The Ministry of Commerce emphasized the export of human resource and for that, the Secretary said, it is planning to chalk out a comprehensive plan in collaboration with Technical Education and Vocational Training Authority (TEVTA), Punjab and Sindh as well as other provinces to train the manpower required in GCC, EU and the USA.
For this, the Trade Missions of the Ministry are being assigned to work on proactive basis in consultation with the Overseas Employment Corporation and Bureau of Emigration and Overseas Employment.
Minister for Finance, Dr. Hafeez Shaikh, asked the Ministry to strive to diversify the export base because traditional approach may not work all the time in the highly competitive international market.
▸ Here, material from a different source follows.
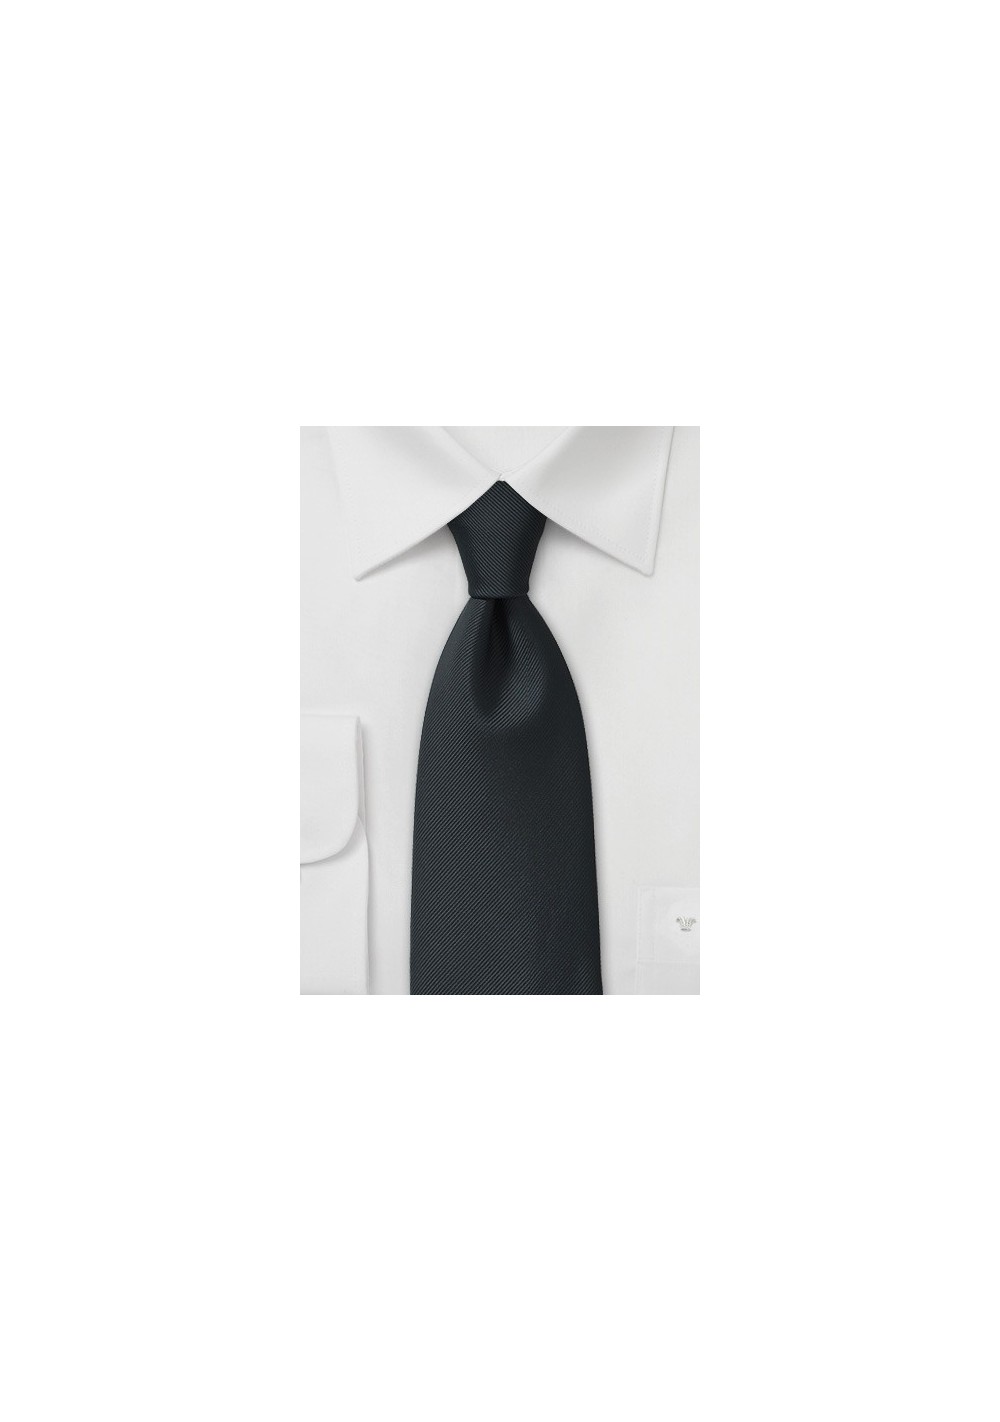 Handcrafted Microfiber Necktie in Onyx

He said that structural changes must be brought about keeping in view the dynamism of international market and also when USA’s and European economies are on the slippery ground.
He was also in favour of less interference of the government in the export transactions because official micro-management of the economy has always produced results, which are contrary to the economies all over the world.
Deputy Chairman Planning Commission Dr. Nadeem-ul-Haq highlighted the importance of formulating the domestic trade policy because internal dynamics of trade have direct bearings on the external trade. The strength of the internal trade, he said, will give the requisite boost to our efforts to increase exports.
He said that we should not neglect this area and ironically we do not have any policy to facilitate the domestic trade. He said that openness, competitiveness, regular evaluation and less official control over the business should be the fulcrum of our economic development strategy and economic activity.